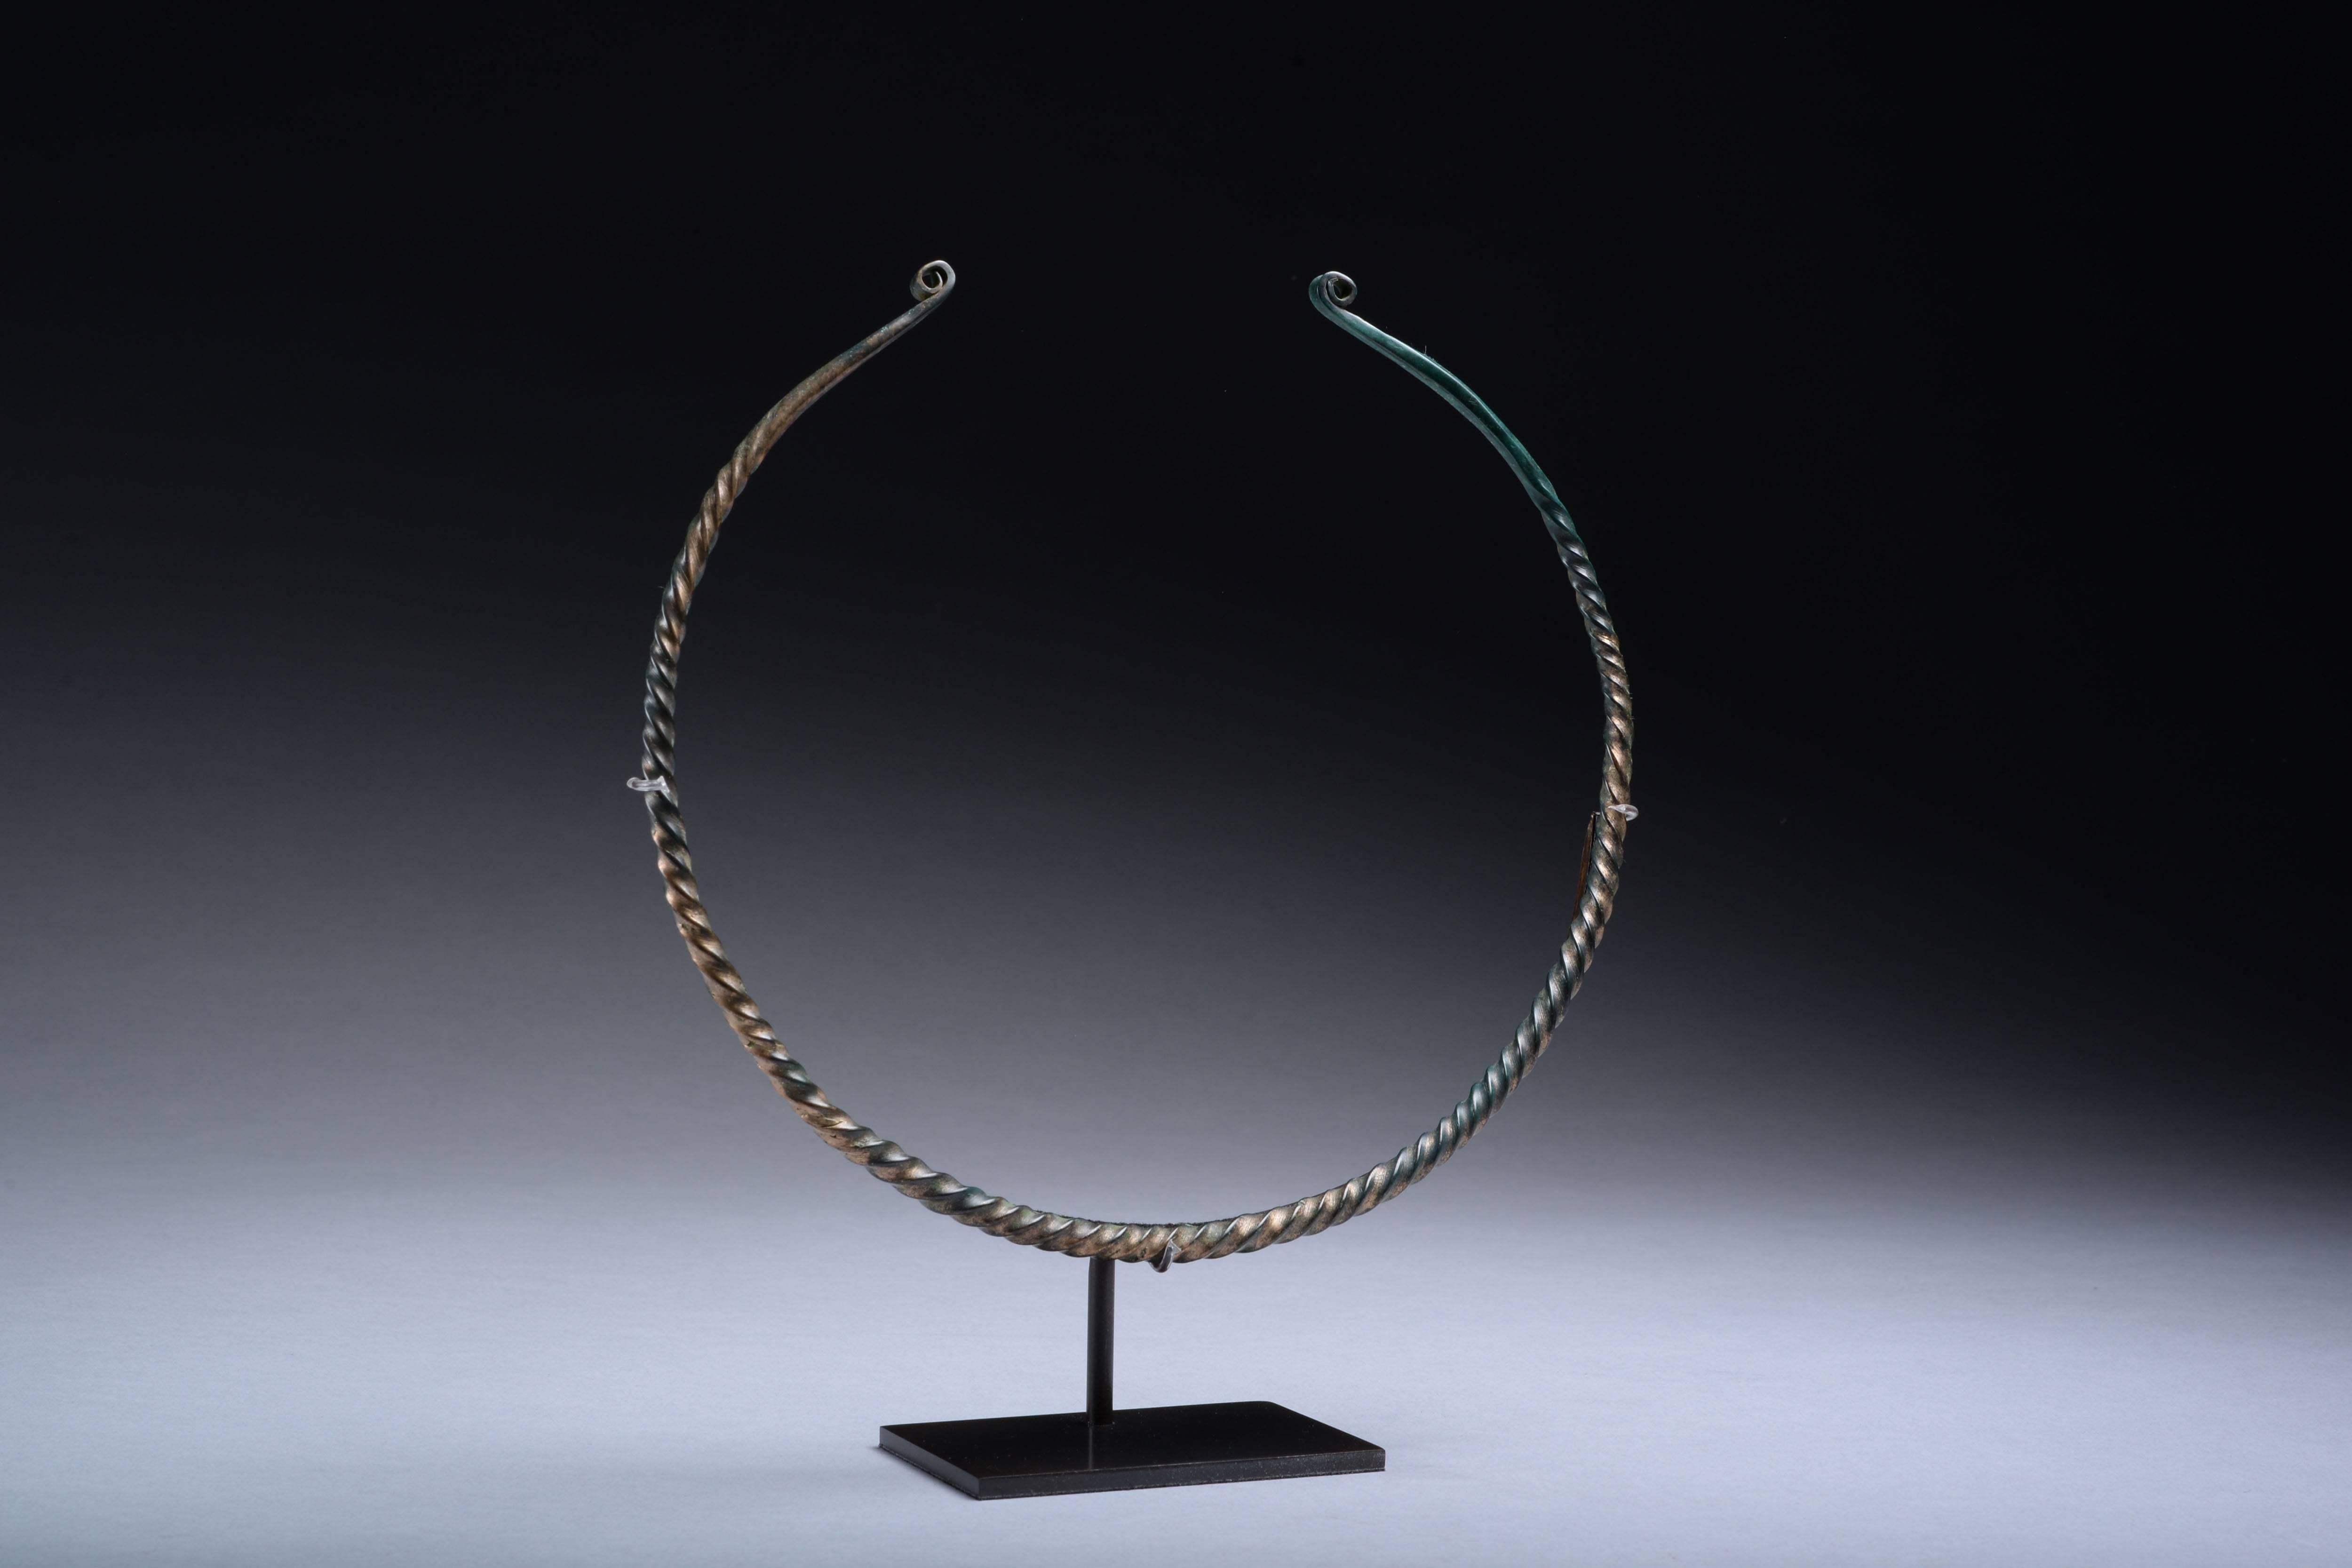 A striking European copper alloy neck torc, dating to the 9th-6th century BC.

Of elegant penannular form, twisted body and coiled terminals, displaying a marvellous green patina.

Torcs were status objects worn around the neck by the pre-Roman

============

Restate all of the material above word for word. Pictures do not belong in it.

## OUTPUT:
 A striking European copper alloy neck torc, dating to the 9th-6th century BC.

Of elegant penannular form, twisted body and coiled terminals, displaying a marvellous green patina.

Torcs were status objects worn around the neck by the pre-Roman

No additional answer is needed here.